Теперь Нильс сверх всего еще бился над задуманным романом. Он вставал с зарей и во время своих утренних скитаний ратоборствовал с материалом, возвращаясь домой в отчаянном настроении. Он хотел написать книгу, которая бы на примере его собственной жизни показала мученический путь новых идей, книгу о распятии и победе — поздней победе, которая опоздала, потому что прогресс успел уже родить новые идеи и новых мучеников за них. Роман о трудолюбивом животном с ленивым умом — о человеке!

— Разве ты и писатель тоже? — изумленно и обрадованно спрашивала маленькая Петра.

— Не знаю, это покажет будущее. Только когда книга написана, можно сказать, писатель ли тот, кто ее сочинил, или не писатель. В том значении, какое это слово приобрело сейчас, меня не прельщает честь принадлежать к писательскому цеху. Нынешние писатели — это люди, которые, сидя в крематории, выписывают орнаменты на урнах с пеплом мертвецов.

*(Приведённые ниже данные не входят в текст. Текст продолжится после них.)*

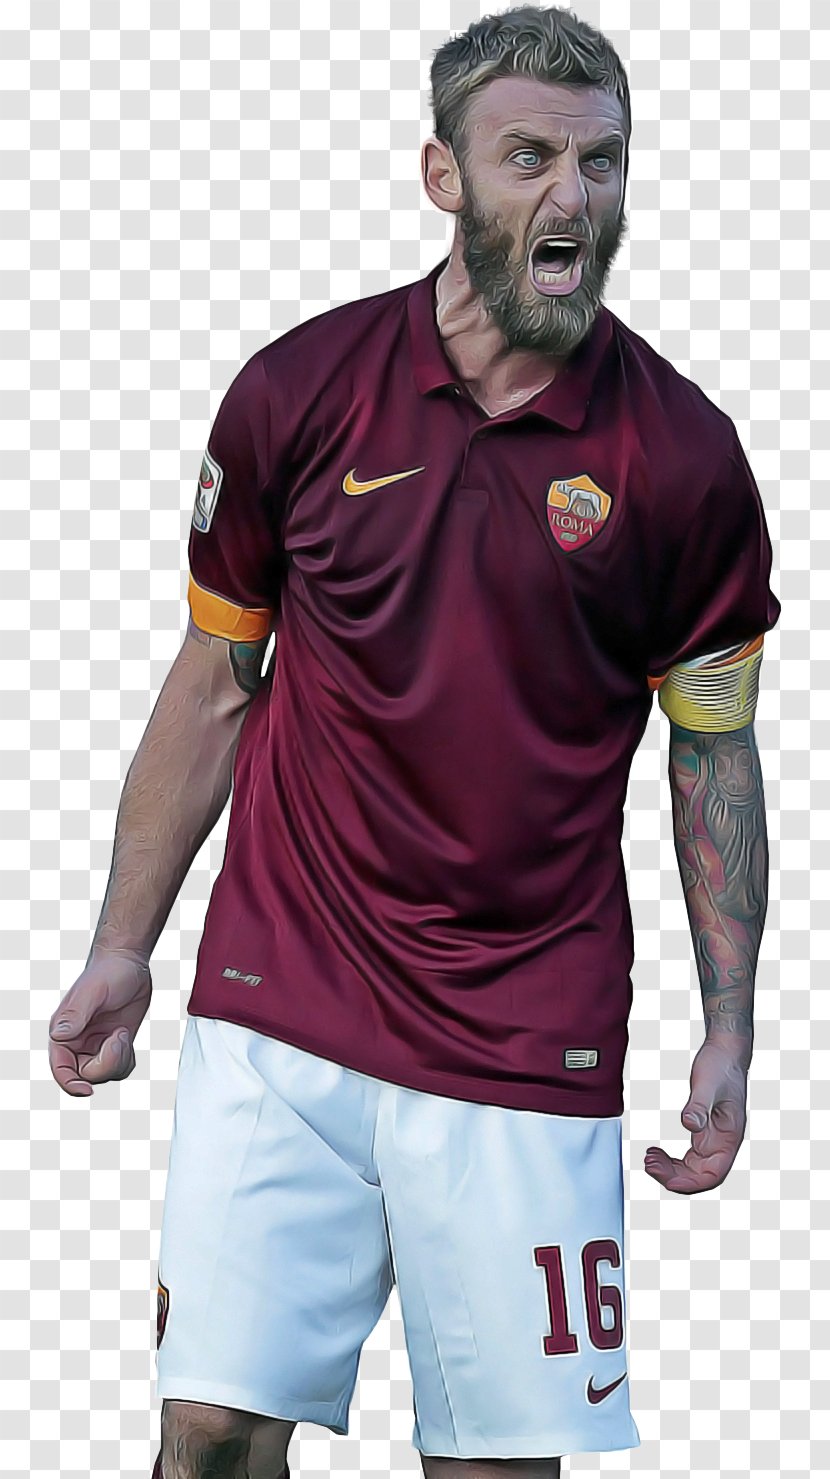 Messi Cartoon - Football - Player Uniform Transparent PNG

А у меня нет никакого желания тащиться в обозе. Лучше уж быть как барды в старину, которые шли впереди отряда и своими песнями зажигали сердца воинов. Куда мне в уникумы лезть, не гожусь я для этого, — с улыбкой продолжал он, обнимая за плечи свою Петру. — Я уродился ни в мать, ни в отца, как говорят крестьяне; во мне слишком крепко засел пролетарий, откуда бы он там ни взялся. И должен признаться — считаю честью этот «позор». Мне важнее для души черный хлеб, а не изысканные кондитерские изделия.

— А что такое уникум? — спросила Петра; она поняла едва половину из того, о чем говорил Нильс.

— Теленок о двух головах или человек о шести пальцах на каждой руке! Да ты, наверно, не раз видала таких на ярмарках, — сказал Нильс, греясь у печки.

— Но какой в них толк? Они отвратительны! — испуганно сказала Петра, приходя в ужас от одной мысли, что нужно еще тратить слова на объяснение, почему не хочешь иметь какое-либо дело с такой компанией.

— Ну конечно, они отвратительны, как все ненормальное. Человек-змея, который так изгибается, что может просунуть голову между собственных ног, или танцовщица, которая подбрасывает ноги до самой головы, — то и другое, надо сказать, одинаково противно. Это фокусники, а у простых, естественных людей фокусники всегда вызывают брезгливое чувство; по крайней мере на меня они так действуют. И я молю бога, никогда не называться писателем в теперешнем смысле слова. Если мы доживем когда-нибудь до такого общества, где все будут людьми, то тогда, мне думается, понятия писатель и человек, в полном и лучшем смысле этого слова, будут означать одно и то же. И я тогда с большой радостью назовусь писателем.

Нильс вернулся домой весь засыпанный снегом, с раскрасневшимся лицом.

— Долго же ты сегодня гулял в такую непогоду, — сказала Петра, беря у него из рук пальто, чтобы повесить его просушить возле печки.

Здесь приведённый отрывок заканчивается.